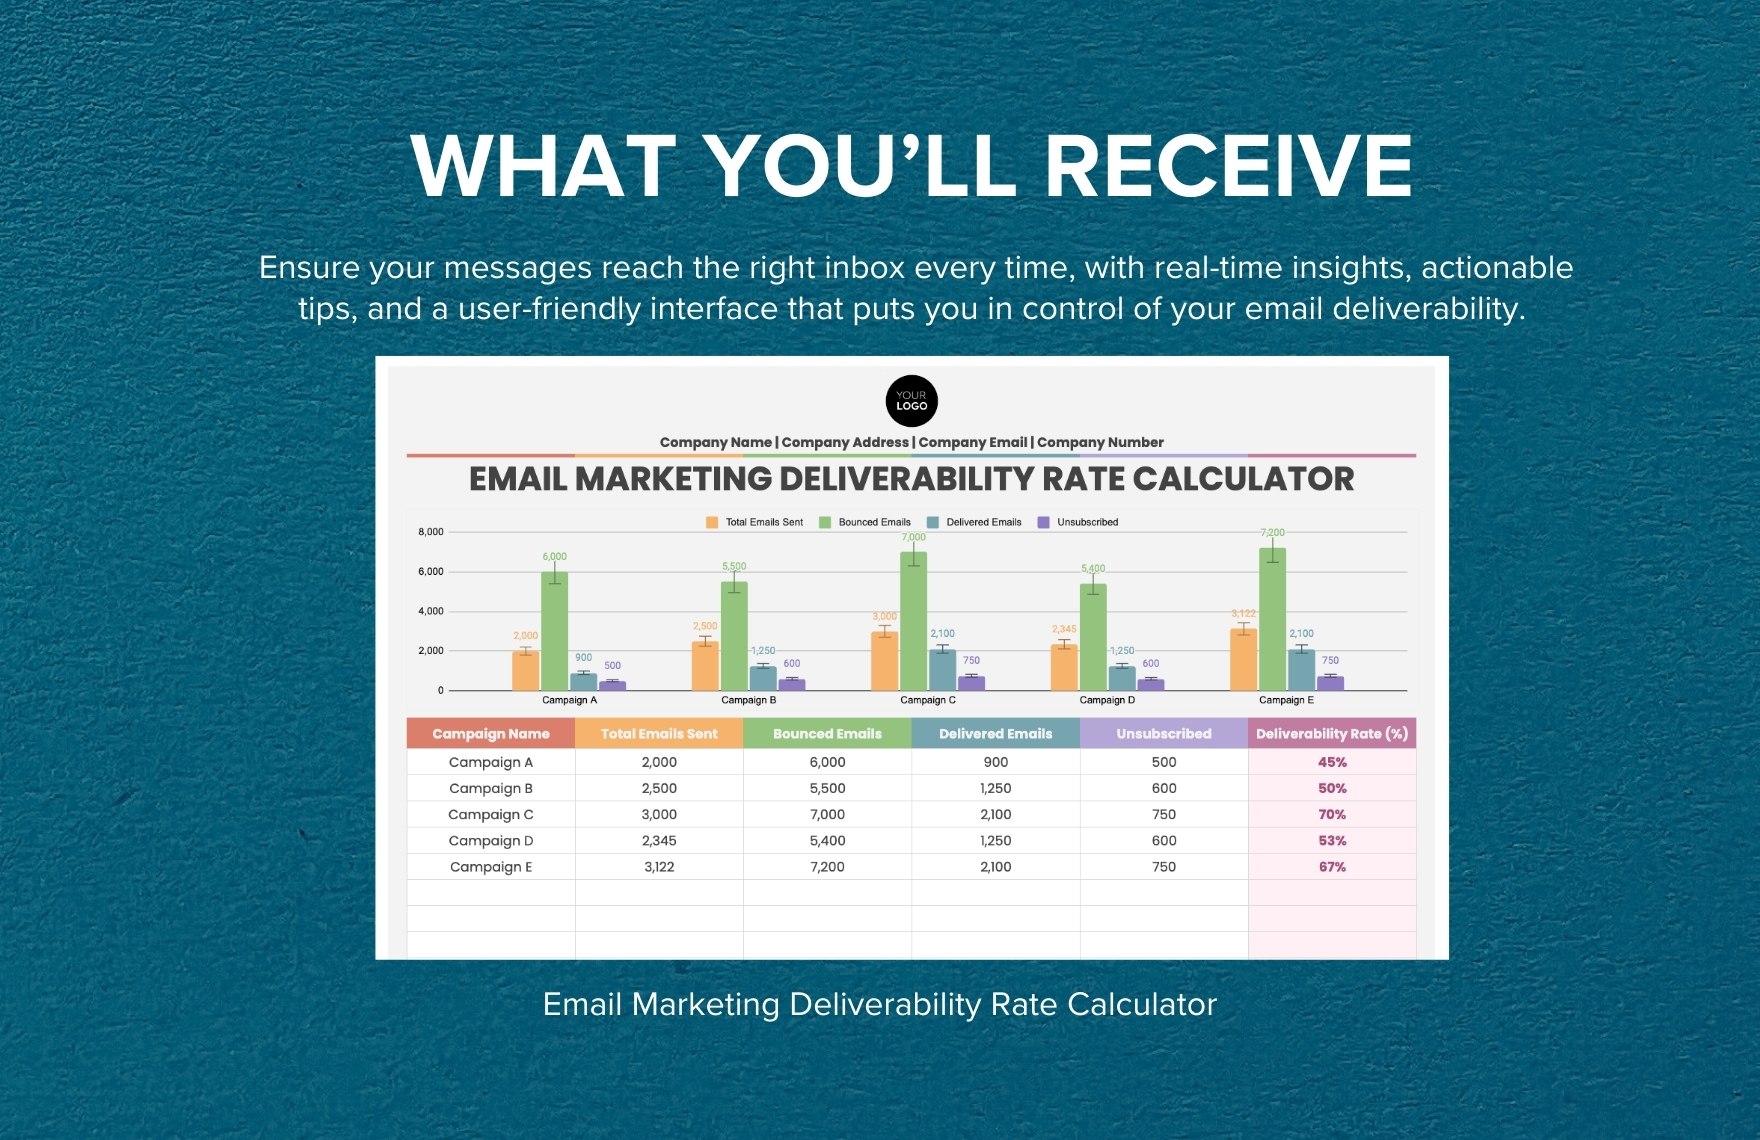 Email Marketing Deliverability Rate Calculator Template
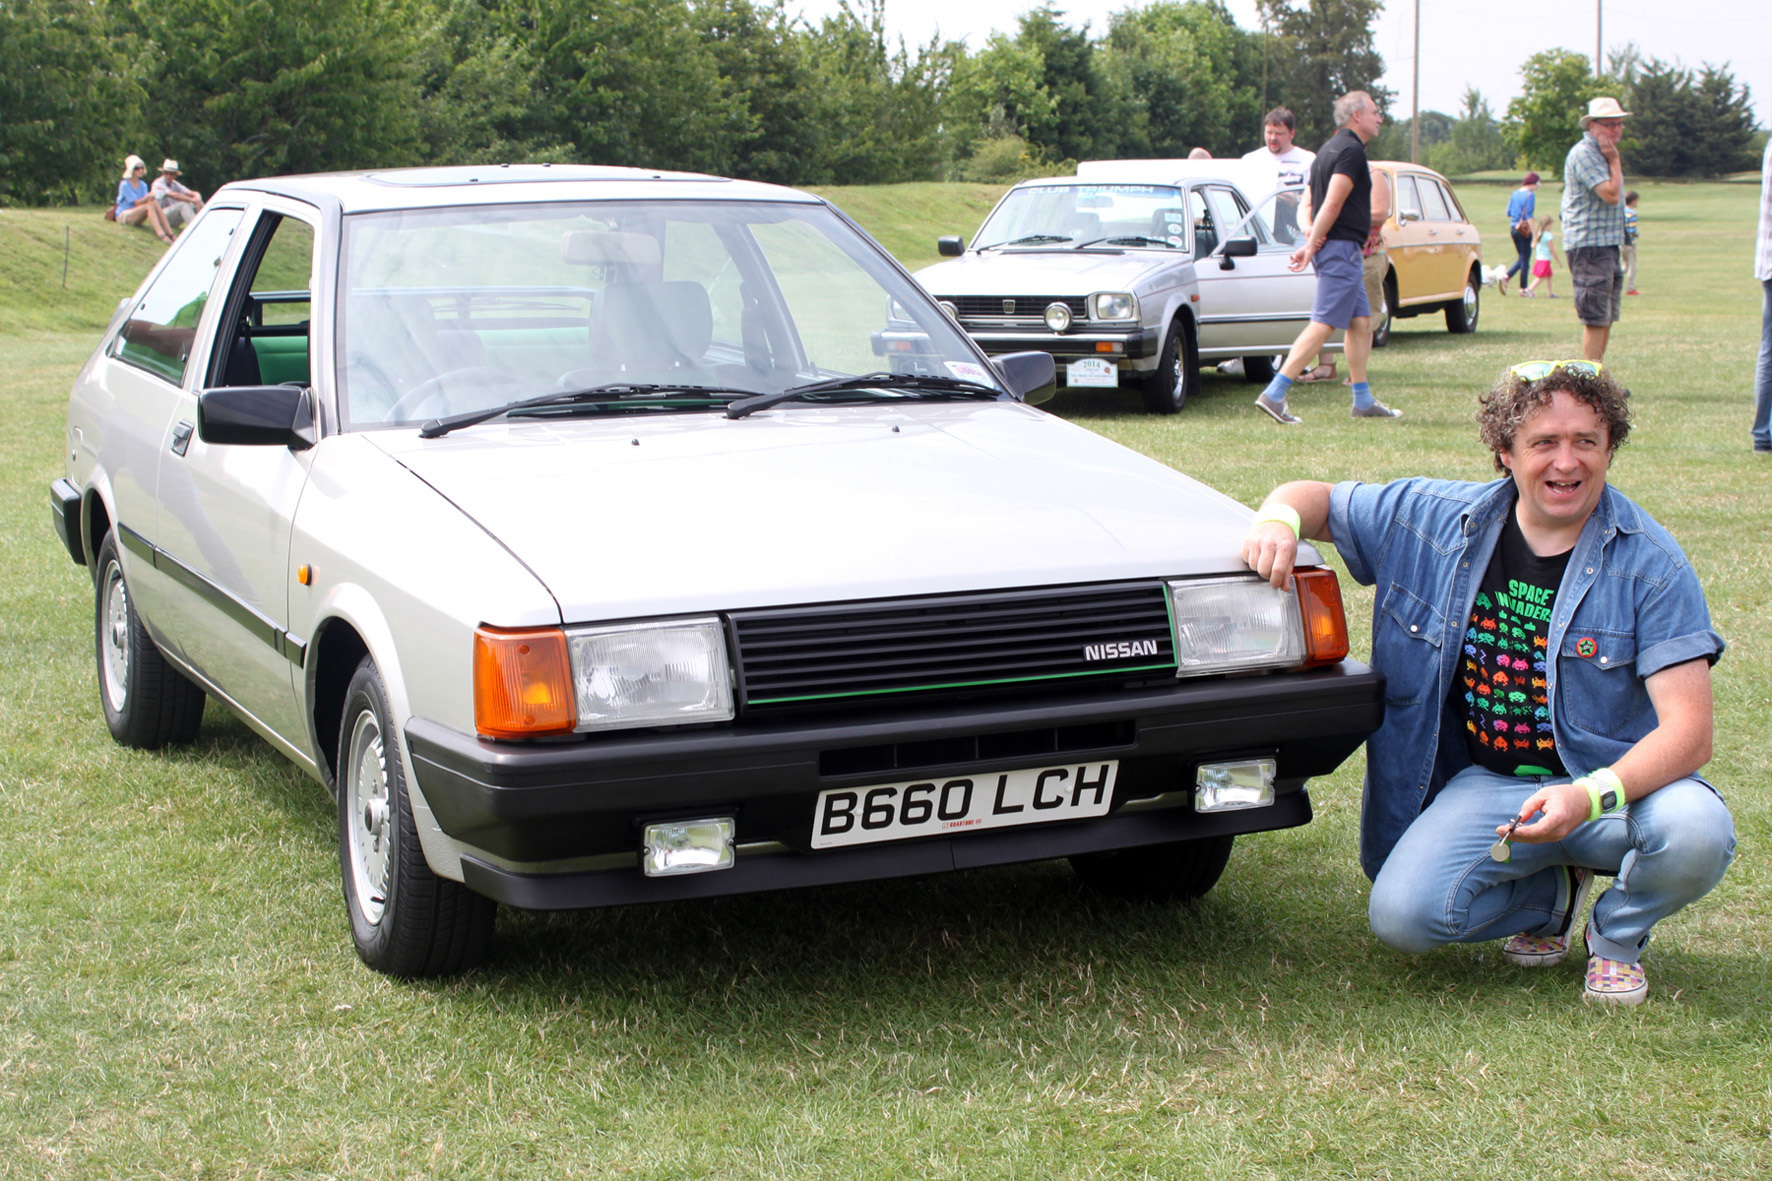 1985 Nissan Cherry Europe, with owner Ed Rattley
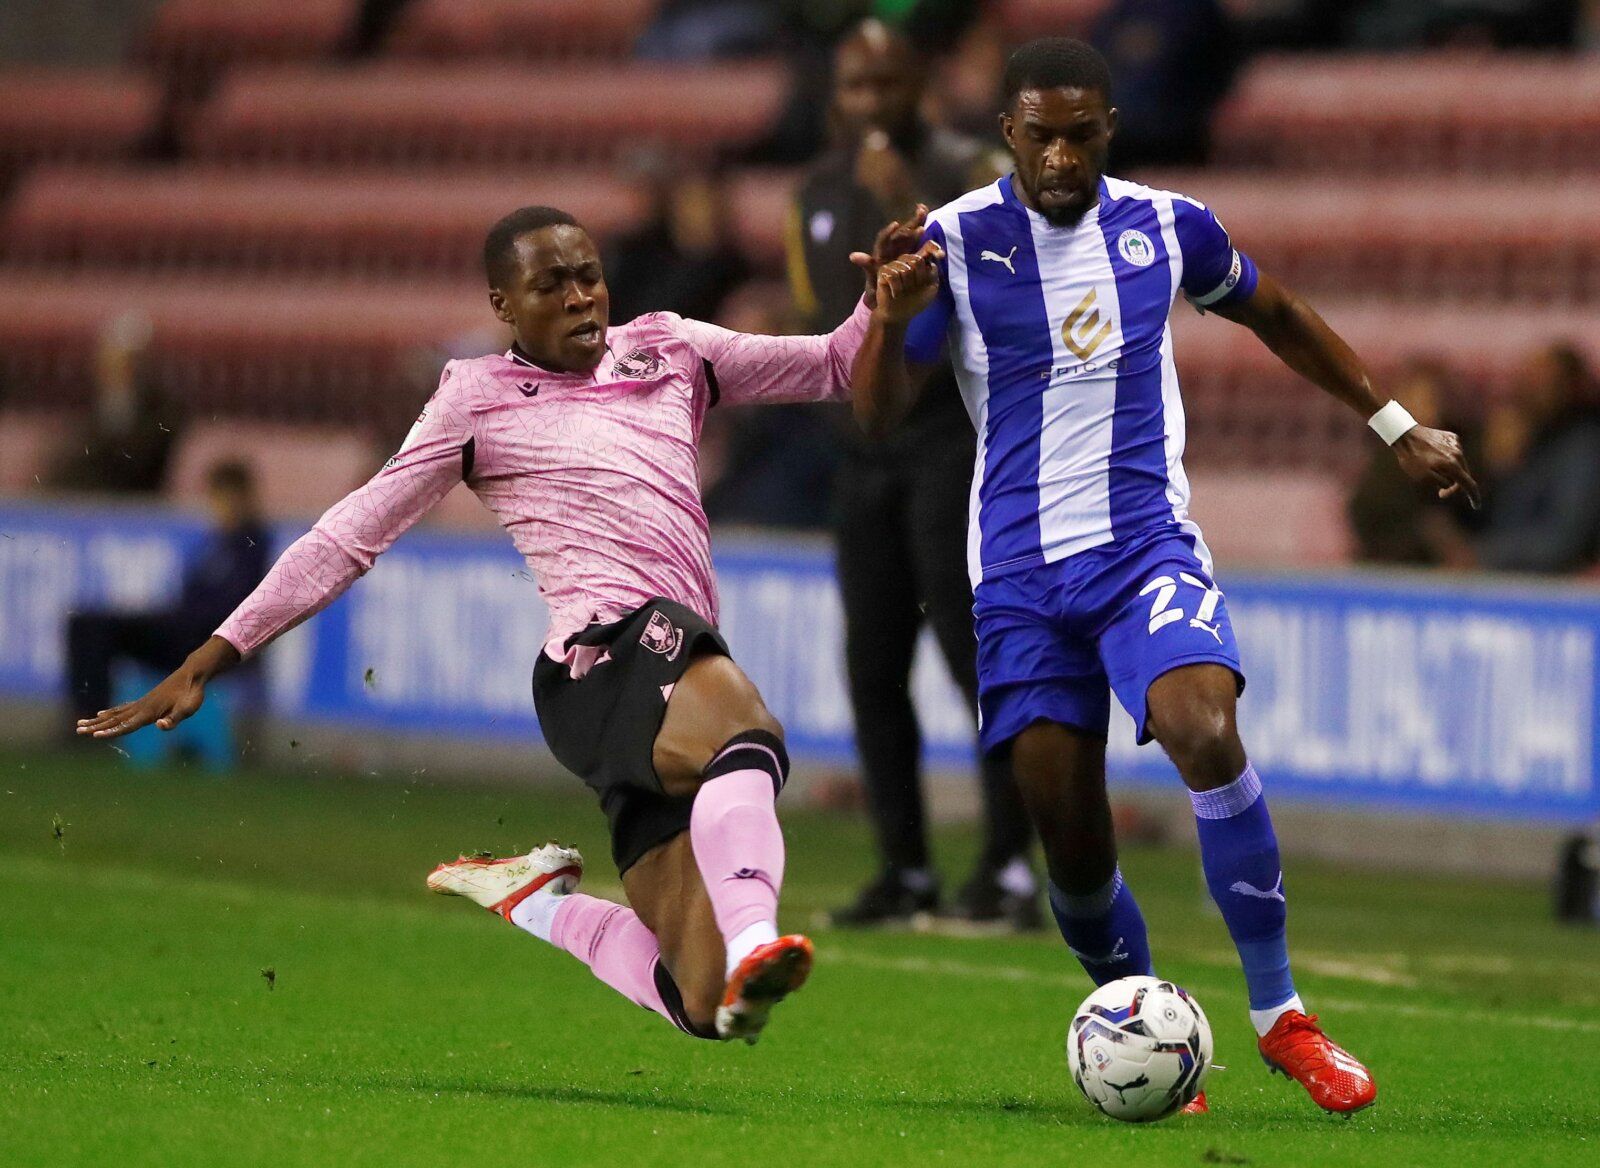 Soccer Football - League One - Wigan Athletic v Sheffield Wednesday - DW Stadium, Wigan, Britain - September 28, 2021 Sheffield Wednesday's Dennis Adeniran in action with Wigan Athletic's Tendayi Darikwa   Action Images/Jason Cairnduff  EDITORIAL USE ONLY. No use with unauthorized audio, video, data, fixture lists, club/league logos or "live" services. Online in-match use limited to 75 images, no video emulation. No use in betting, games or single club/league/player publications.  Please contact
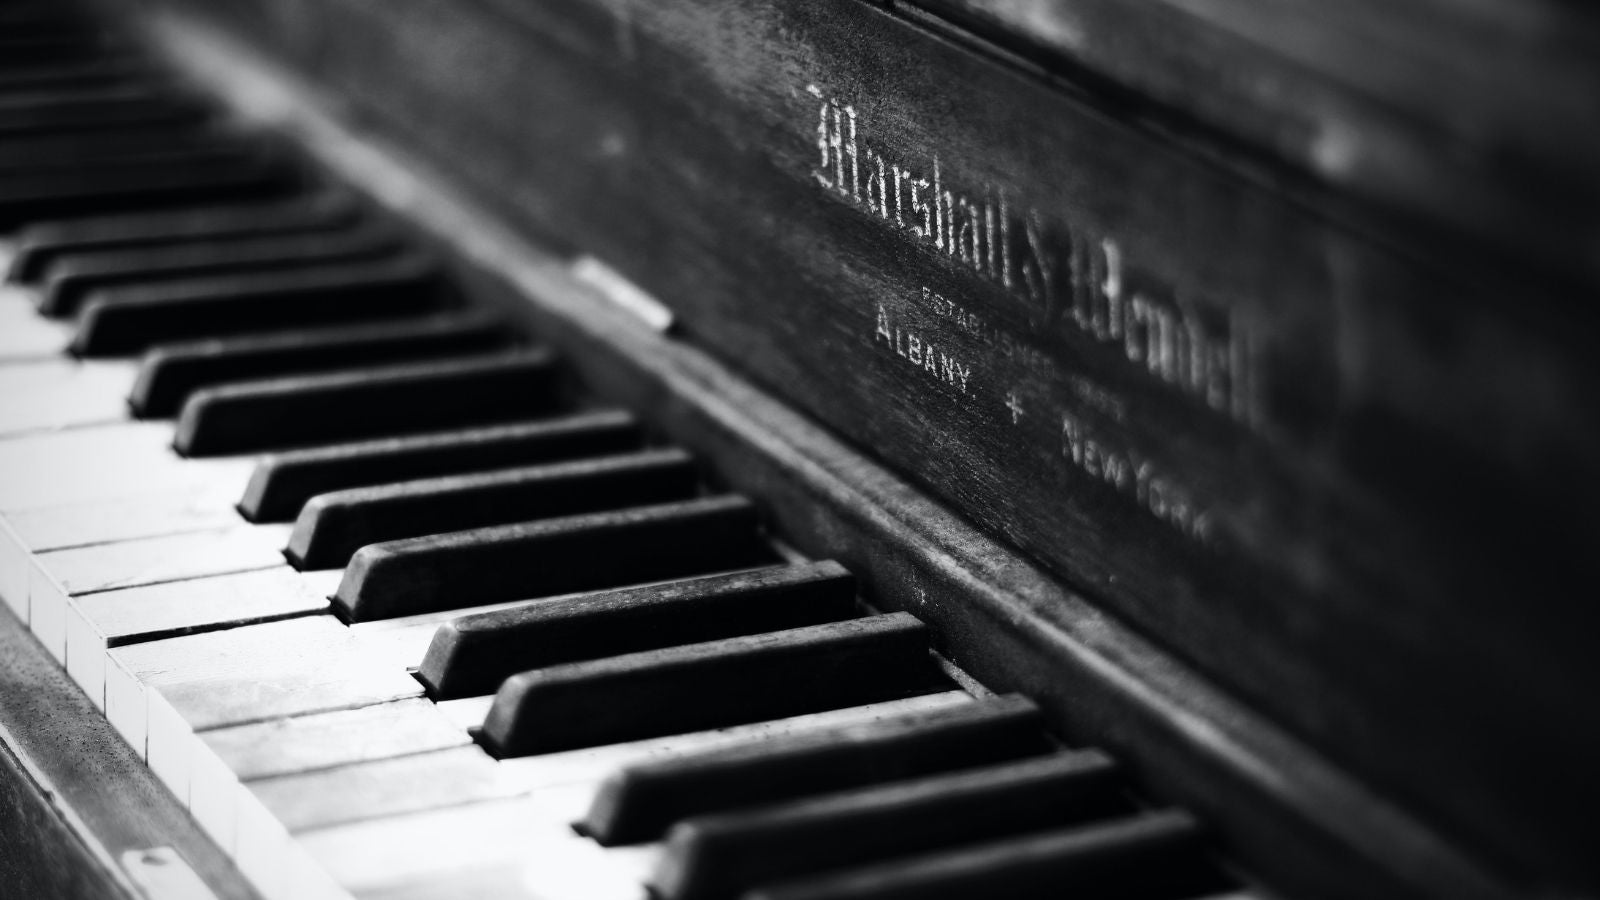 Black and white close up photo of piano keys on a wooden piano

• _Task goal_: Skip the pictures; extract only the lines from the line with "Soccer Football - League" through the final line of the material, exactly as they appear.

• _Response to the exercise_:
 Soccer Football - League One - Wigan Athletic v Sheffield Wednesday - DW Stadium, Wigan, Britain - September 28, 2021 Sheffield Wednesday's Dennis Adeniran in action with Wigan Athletic's Tendayi Darikwa   Action Images/Jason Cairnduff  EDITORIAL USE ONLY. No use with unauthorized audio, video, data, fixture lists, club/league logos or "live" services. Online in-match use limited to 75 images, no video emulation. No use in betting, games or single club/league/player publications.  Please contact
 Black and white close up photo of piano keys on a wooden piano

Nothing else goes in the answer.